Canadian Federation of Students 
SFUO executives started attending CFS meetings in 1982. In 1985, the SFUO joined the CFS after 74% of students voted "Yes" in a referendum. In 1990, 77% of students voted to continue membership of the CFS. Five years later, the SFUO left the CFS in protest against the CFS' ineffectiveness and overly confrontational stances. 70% of students voted to leave in a referendum. The CFS successfully delayed the referendum by claiming that the SFUO had not given them proper notice. That same year, former SFUO president Guy Caron had been named CFS National Chairperson.

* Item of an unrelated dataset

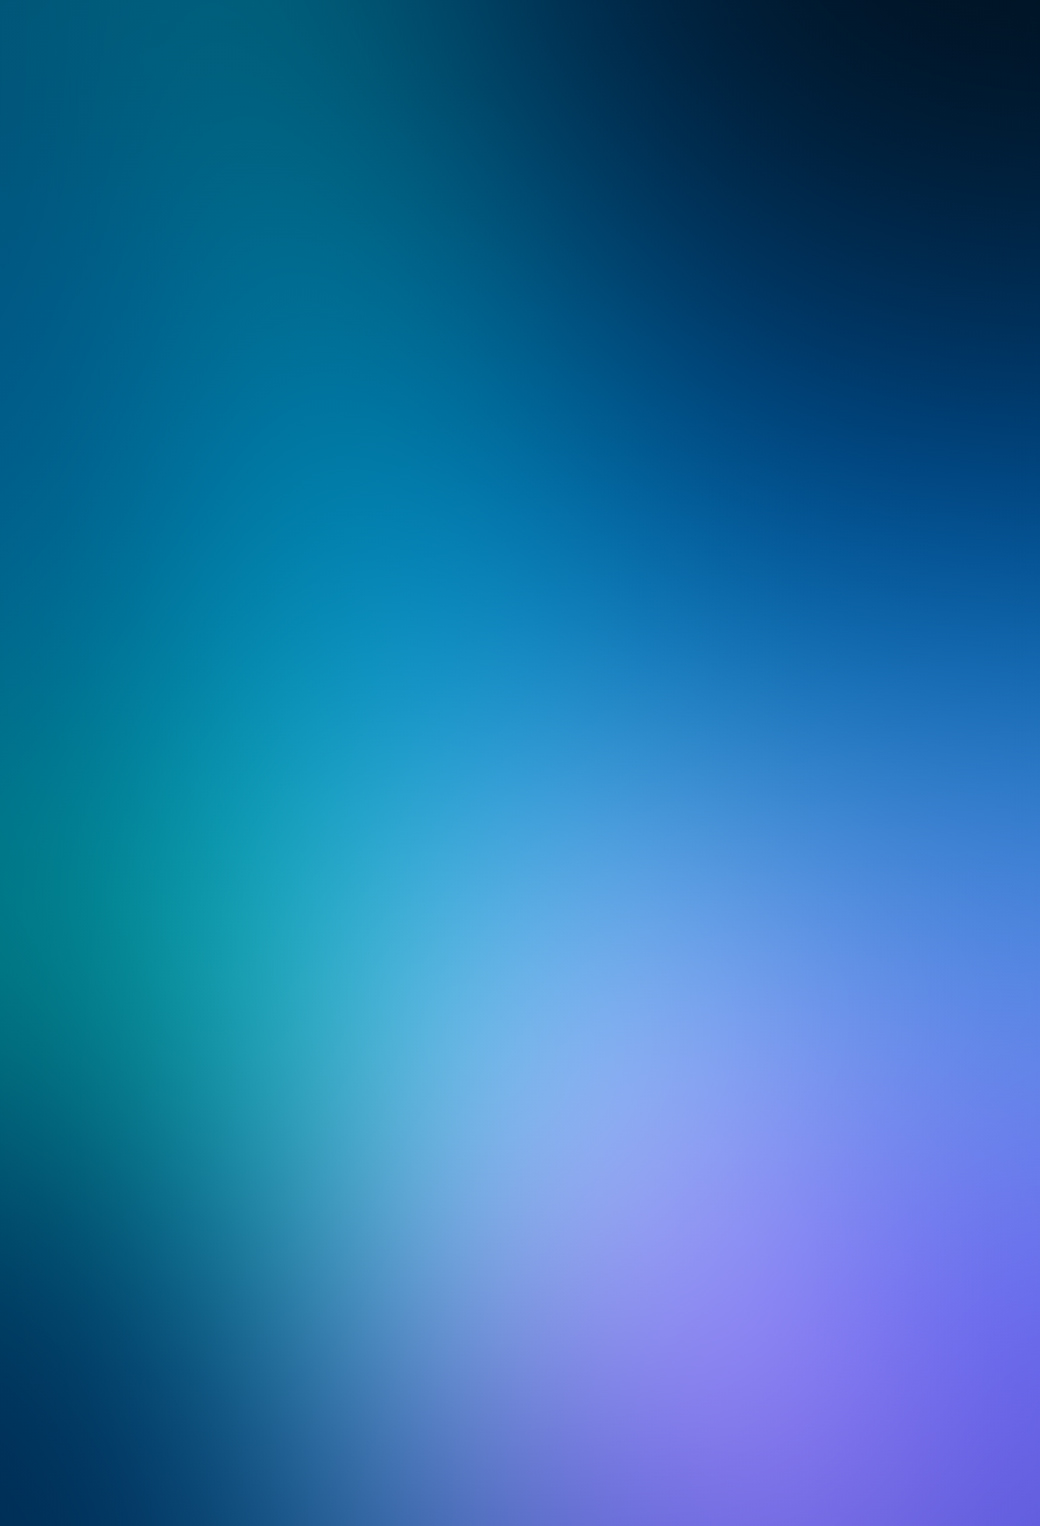 fond d'écran iphone parallax,bleu,ciel,jour,aqua,turquoise

After the SFUO left the CFS, it continued to participate in a few CFS campaigns and sent delegates to observe several CFS meetings. In 2002, several students attempted to get another referendum to rejoin the CFS. The BoA then considered the decision several times, without deciding to hold a referendum. In 2007, the BoA overturned an attempt by the executive to rejoin the CFS. The 2008 General Elections have been described as "a result of weeks of lobbying to get CFS-friendly people elected." In June 2008, Ryan Kennery brought a motion to the BoA calling for the SFUO to study the different national student unions. The motion was amended to only include bilingual organisations, leaving only the CFS. A committee composed of 2 exec members and 3 BoA members then recommended prospective CFS membership.

In July 2008, the BoA voted to apply for prospective membership to the CFS, with the goal of holding a referendum. Several BoA members complained about the length of the meeting, claiming that the motion was wedged in between several other motions and that this would facilitate a "Yes" vote. Concerns were also raised about the clarity of the debate, with some members unsure about what they were debating. Prospective membership cost 20 000$. 
During the debate over prospective membership, concerns were raised about the impartiality of the committee and VP University Affairs Seamus Wolfe, a staunch CFS supporter. Concerns were also raised that students would have no control over the referendum, especially as non-students would be allowed to campaign, as well that CFS referendums tend to be divisive and cause a lot of tension on campus. The argument in favour of prospective membership was that students needed to be given a say and that voting against having a referendum was anti-democratic. In the end, the vote was 25 for, 3 against and 1 abstention. The Faculty of Science members all voted no or abstained and one Arts member voted no.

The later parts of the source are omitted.